Le gouvernement devrait enquêter sur cette affaire et protéger tous les défenseurs des droits humains soumis à de tels risques
Les autorités congolaises doivent lancer une enquête rapide, impartiale et approfondie sur l’enlèvement d’un défenseur des droits humains et les mauvais traitements qu’il a subis dans la province du Nord-Kivu vers la fin du mois d’août, a déclaré aujourd’hui une coalition de 36 organisations internationales et congolaises de défense des droits humains. Les autorités doivent condamner publiquement cet acte et identifier les personnes responsables en vue de les traduire en justice, a ajouté la coalition.

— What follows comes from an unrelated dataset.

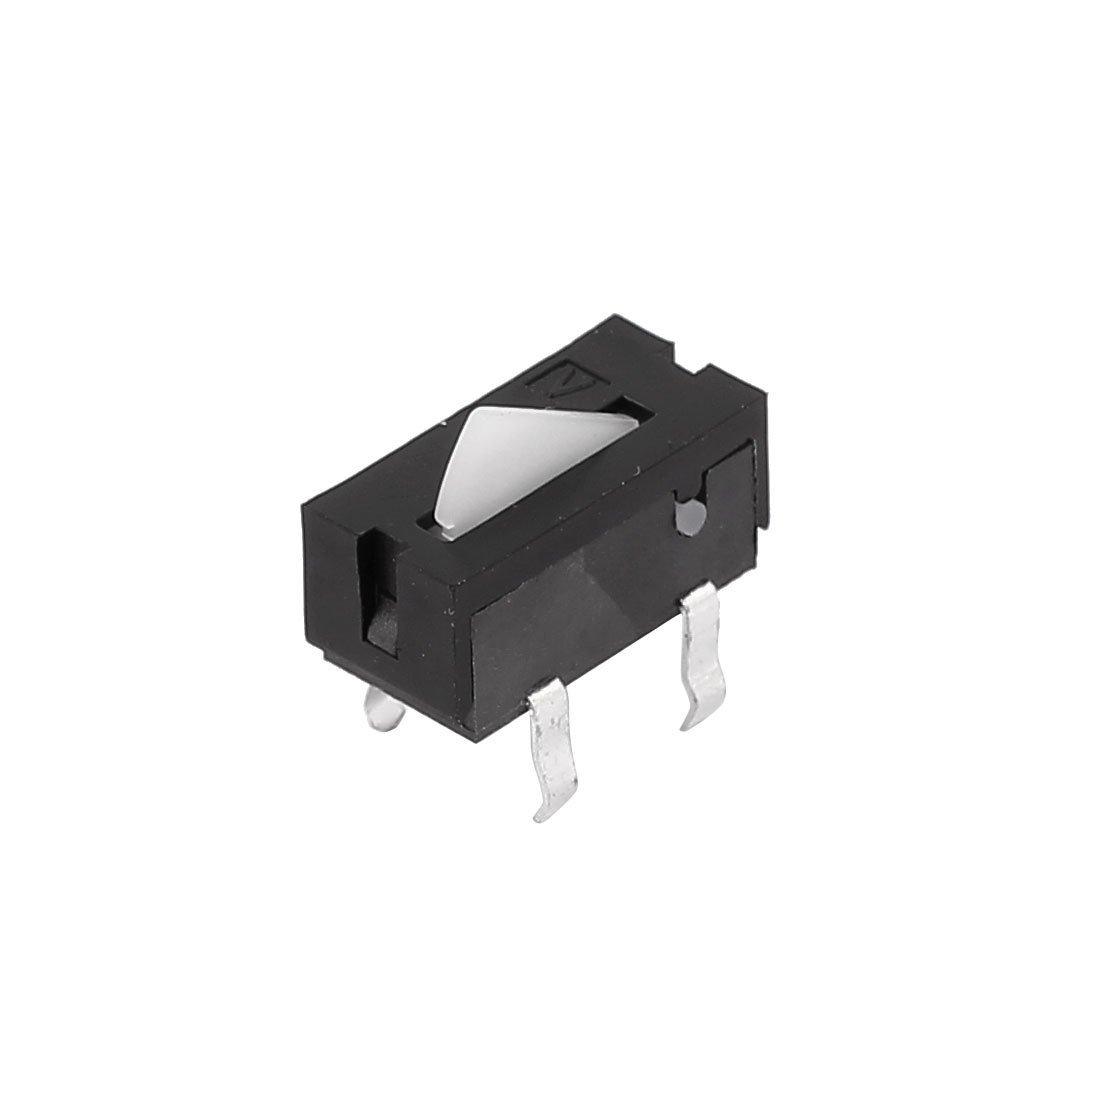 eDealMax 10pcs 4 terminales del interruptor de botón momentáneo Mini interruptor del tacto de empuje Para la cámara: Amazon.com: Industrial & Scientific
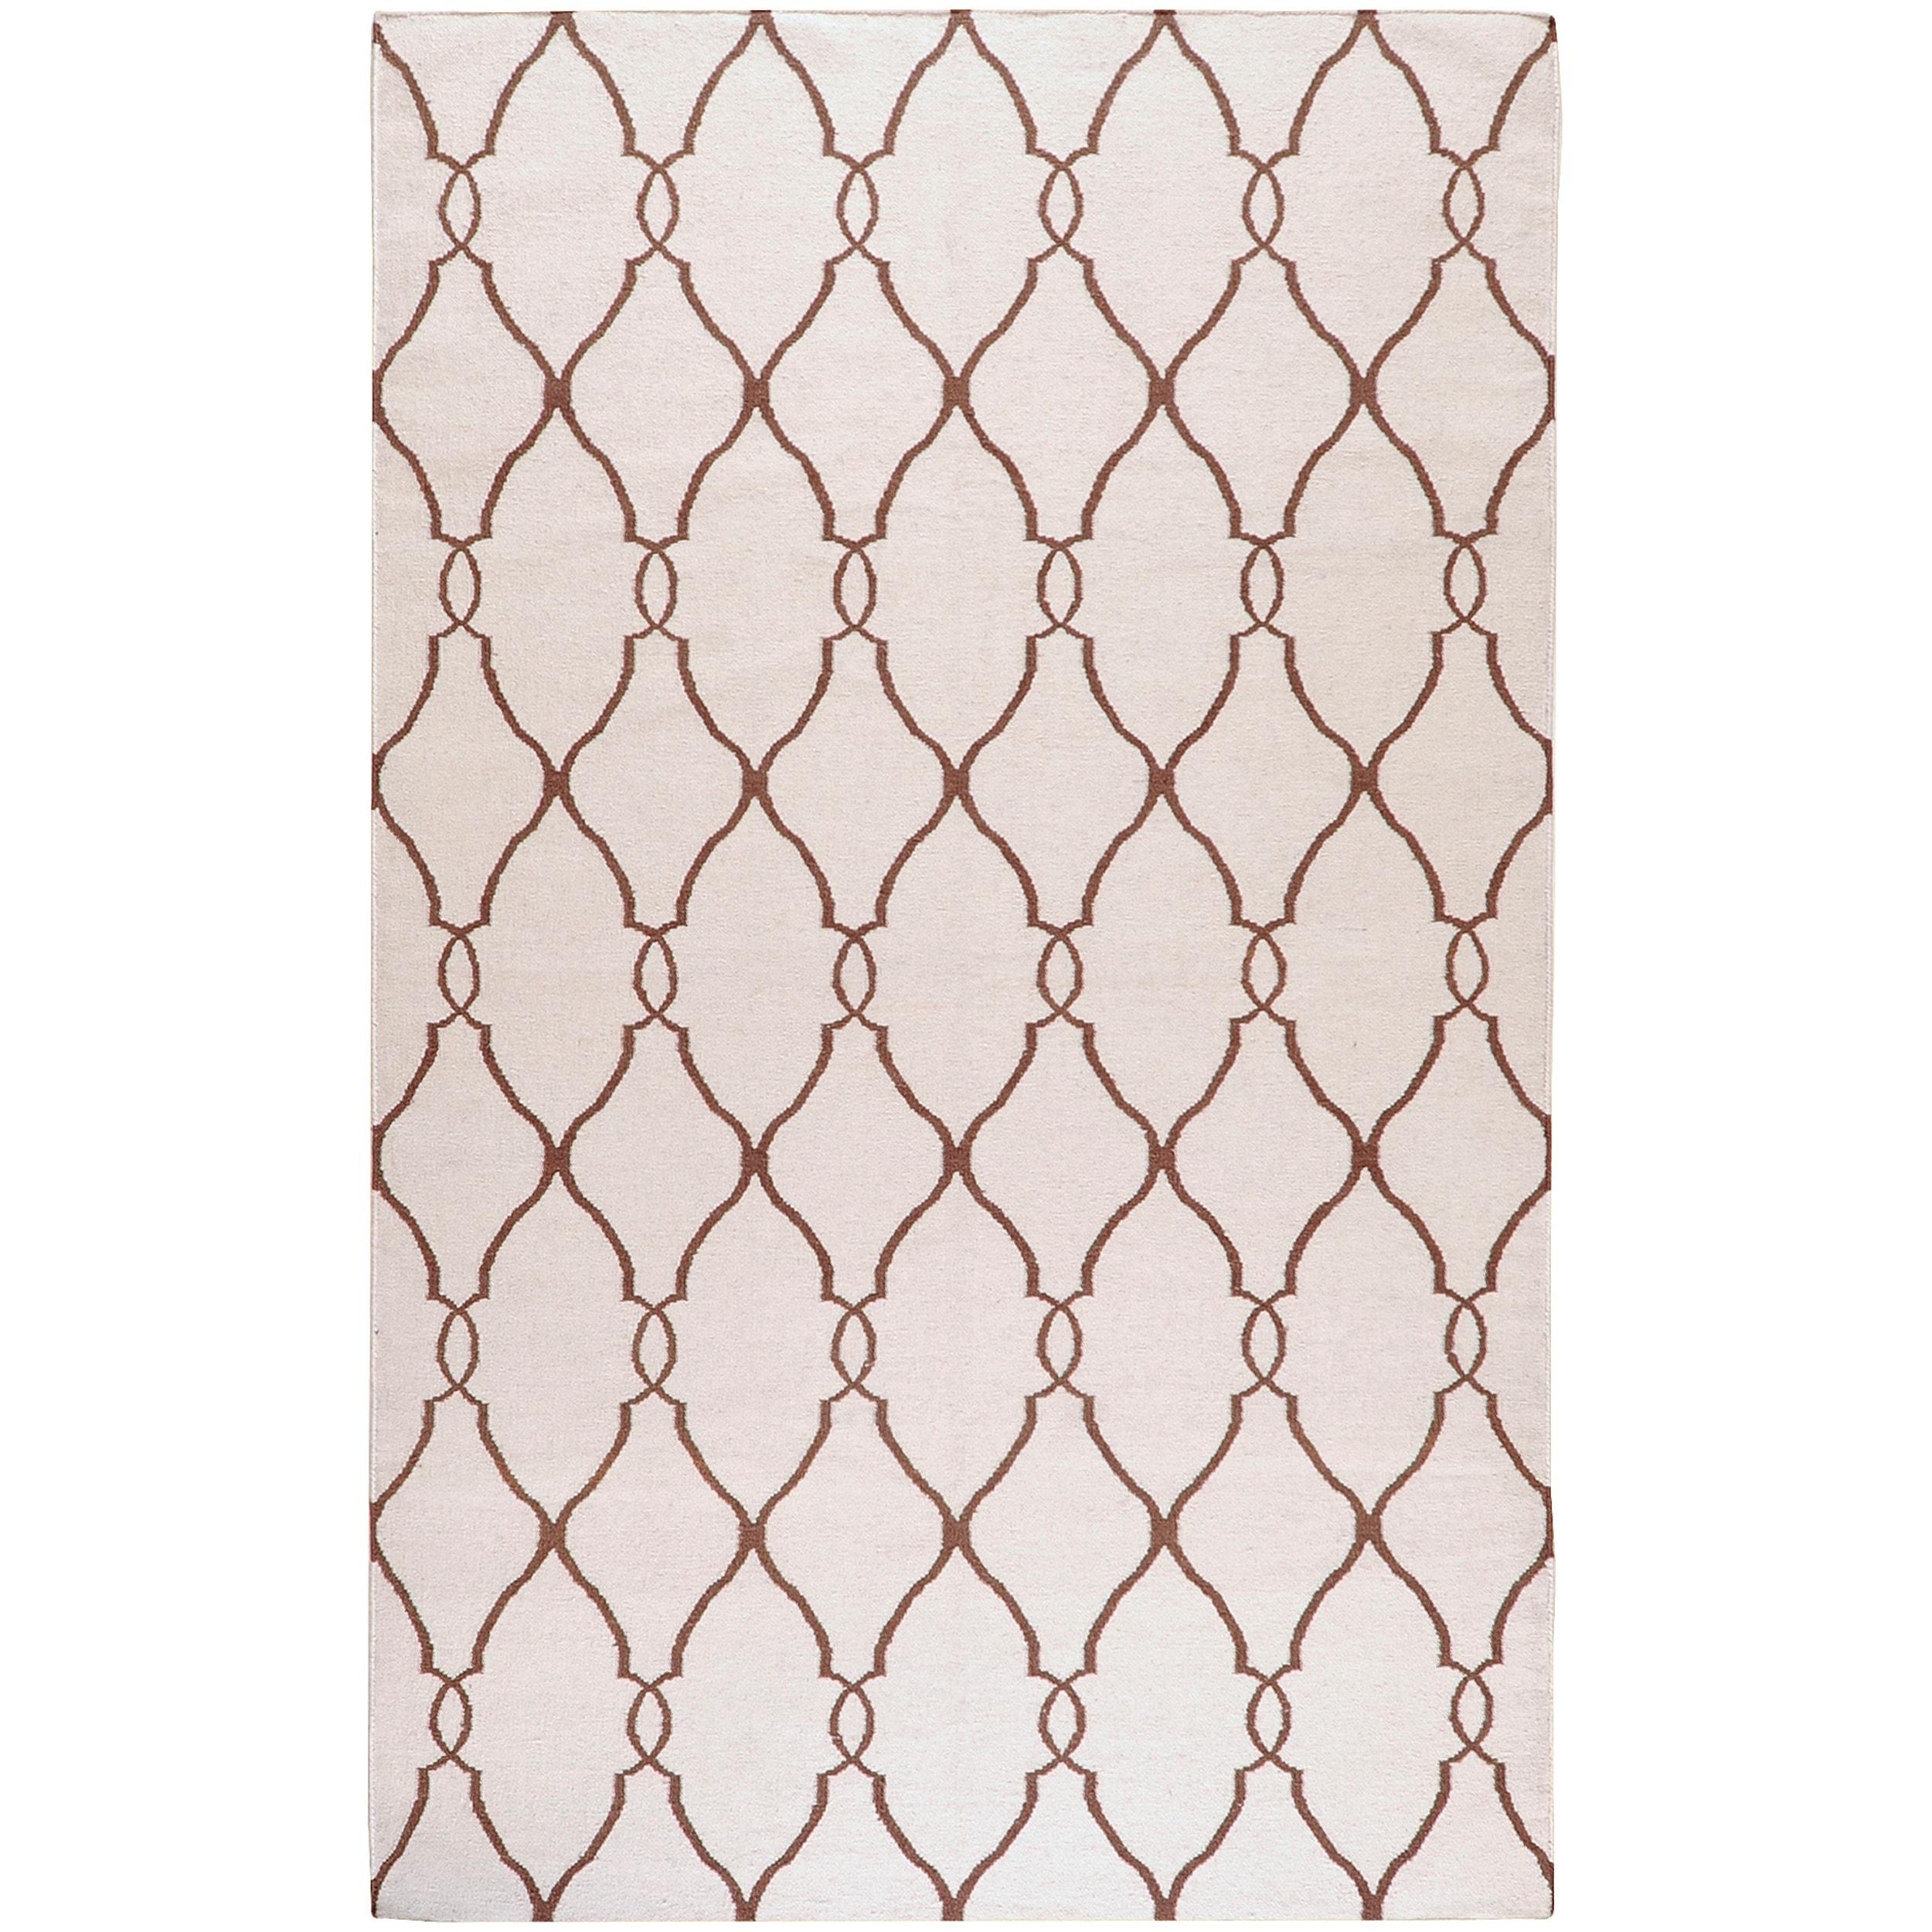 Jill Rosenwald Hand-woven Colossus Ivory Flatweave Wool Rug (3'6 x 5'6)

Sylvestre Bwira Kyahi, président de la société civile dans le territoire de Masisi, a été enlevé le 24 août par des hommes armés vêtus d’uniformes des Forces armées de la République démocratique du Congo (FARDC) roulant à bord d’une Jeep privée dans le quartier Ndosho de la ville de Goma, dans la province du Nord-Kivu, selon les informations recueillies par les ONG soussignées. Il a été retrouvé le mardi 30 août près de Sake, à une trentaine de kilomètres à l’ouest de Goma. Présenté au lendemain de sa réapparition par les autorités provinciales de Goma à la presse et à ses collègues, Bwira était visiblement faible, le visage tuméfié, les bras portant des traces de cordes avec lesquelles il a dit avoir été ligoté pendant sa détention.
« Le climat d’impunité en République démocratique du Congo ne fait que favoriser la commission de nouveaux crimes », a déclaré Ilaria Allegrozzi de Protection International. « L’enlèvement de Sylvestre Bwira et les mauvais traitements qui lui ont été infligés ne représentent que la tentative la plus récente visant à intimider des défenseurs congolais des droits humains. »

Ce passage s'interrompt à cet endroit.